I like words. I like fat buttery words, such as ooze, turpitude, glutinous, toady. I like solemn, angular, creaky words, such as straitlaced, cantankerous, pecunious, valedictory. I like spurious, black-is-white words, such as mortician, liquidate, tonsorial, demi-monde. I like suave "v" words, such as Svengali, svelte, bravura, verve. I like crunchy, brittle, crackly words, such as splinter, grapple, jostle, crusty. I like sullen, crabbed, scowling words, such as skulk, glower, scabby, churl. I like Oh-Heavens, my-gracious, land's-sake words, such as tricksy, tucker, genteel, horrid. I like elegant, flowery words, such as estivate, peregrinate, elysium, halcyon. I like wormy, squirmy, mealy words, such as crawl, blubber, squeal, drip. I like sniggly, chuckling words, such as cowlick, gurgle, bubble and burp.

I like the word screenwriter better than copywriter, so I decided to quit my job in a New York advertising agency and try my luck in Hollywood, but before taking the plunge I went to Europe for a year of study, contemplation and horsing around.

I have just returned and I still like words. May I have a few with you?

Robert Pirosh

I like words for what they mean. Simple words that hold profound meanings take my breath away. Layers of feelings, emotions, and sentiments that lie coiled up in a word, leave me spellbound. Words that fascinate me speak to me in the language of feelings and emotions they arouse. Such words brood new universes in my mind. When deprived of them for long, because of paucity of good books, I seem to inhabit a desolate land of stunted feelings.

I came across most skilful use of words in verse. Structure of poetry – need of saying much in few words – imposes an enviable parsimony on verse. Words in a good poem hold a universe within themselves. To discover this is an apogee of pleasure for a reader. Words in hands of a poet transmogrify from being a symbol of an emotion to the emotion itself.

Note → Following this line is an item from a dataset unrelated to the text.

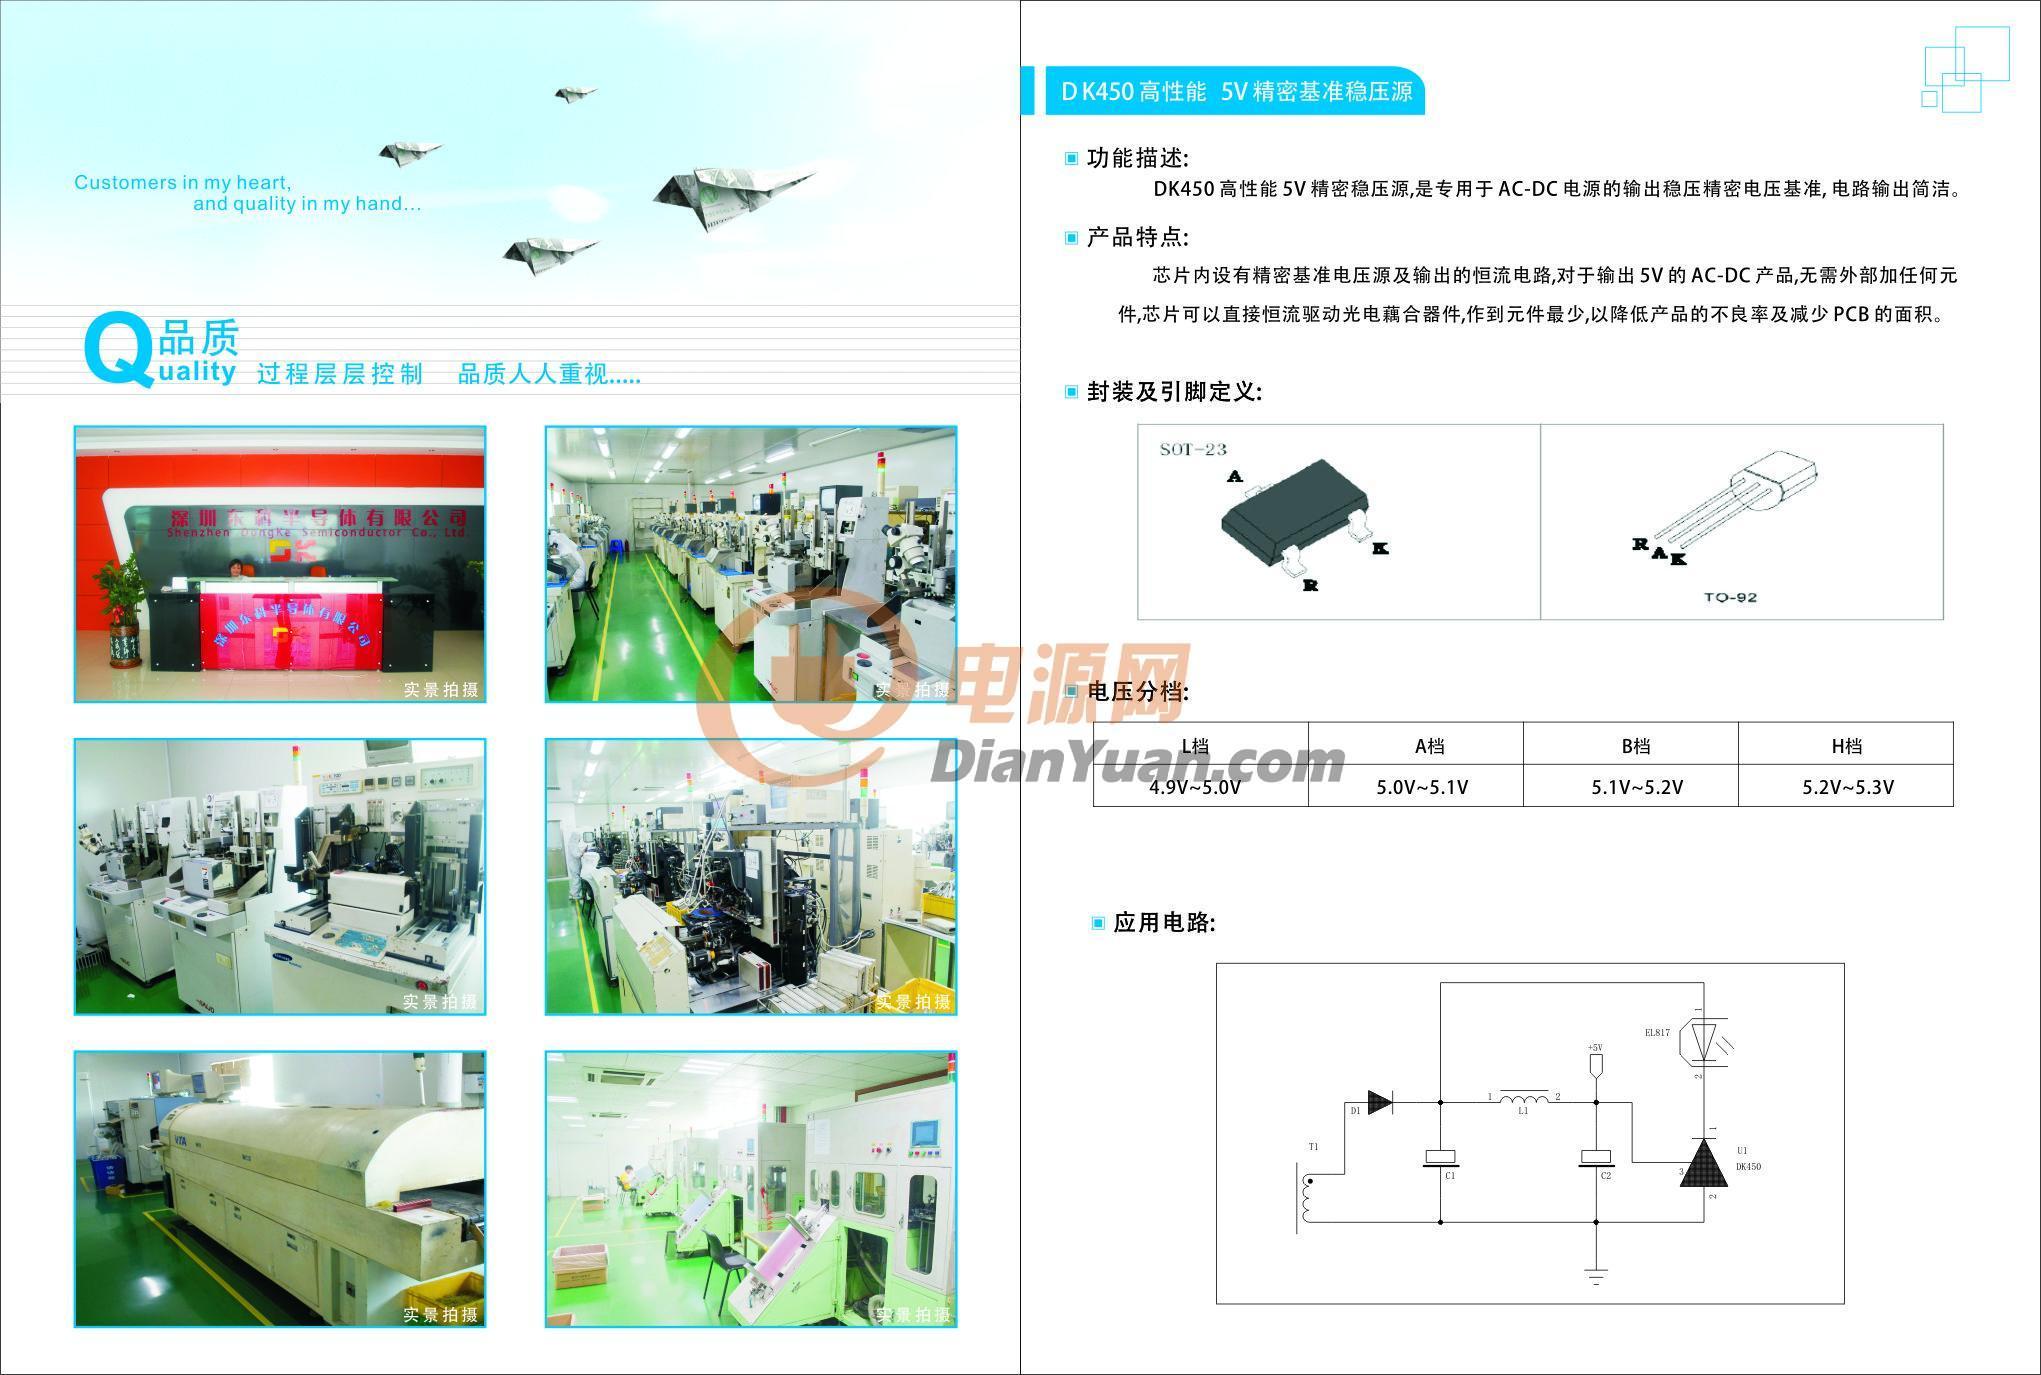 [产品介绍]: 跟传统芯片对比优势: 1.节省外部启动电阻,将其集成芯片内部。 2.光耦反馈部可以使用DK450代替(限5伏) 3.节省外部反馈绕阻,将其集成芯片内部。 4.节省外部取样电阻,将其集成芯片内部。 5.双芯片设计(高压:晶体管 低压:MOS管) 6.高压保护电路(85-265V)

I see raw emotions throb in the lines of a poem.

 

थी वो इक शख़्स के तसव्वुर1 से 

अब वो रानाई--ख़याल2 कहाँ   

1. Imagination   2. Elegance of thoughts

 

हर एक बात पे कहते हो तुम कि तू क्या है

तुम्हीं कहो कि ये अंदाज़-ए-गुफ़्तुगू1 क्या है

  1. Style of conversation

रही न ताक़त-ए-गुफ़्तार¹ और अगर हो भी

तो किस उमीद पे कहिए कि आरज़ू क्या है

  1. Strength for conversation

 

मरते हैं आरज़ू में मरने की

मौत आती है पर नहीं आती

 

लाग 1हो तो उस को हम समझें लगाव2

जब न हो कुछ भी तो धोका खाएँ क्या

उम्र भर देखा किया मरने की राह

मर गए पर देखिए दिखलाएँ क्या

1.Relation  2. Affection

 

कर रहा था ग़म-ए-जहाँ का हिसाब

आज तुम याद बे-हिसाब आए

 

कुछ तो मिरे पिंदार--मोहब्बत1 का भरम रख

तू भी तो कभी मुझ को मनाने के लिए

  1. Pride of love

 

ये दाग़ दाग़ उजाला ये शब-गज़ीदा¹ सहर²

वो इंतिज़ार था जिस का ये वो सहर तो नहीं

  1. Injured by night  2. Dawn

 

कब ठहरेगा दर्द दिल कब रात बसर होगी

सुनते थे वो आएँगे सुनते थे सहर होगी

 

I am often stunned by a word on a page that marvellously captures essence of not only the sentence but perhaps the complete passage. I remember the book, and the story through that word. The word, in my memory, remains engraved like the smile of a cheshire cat, long after the cat has been forgotten.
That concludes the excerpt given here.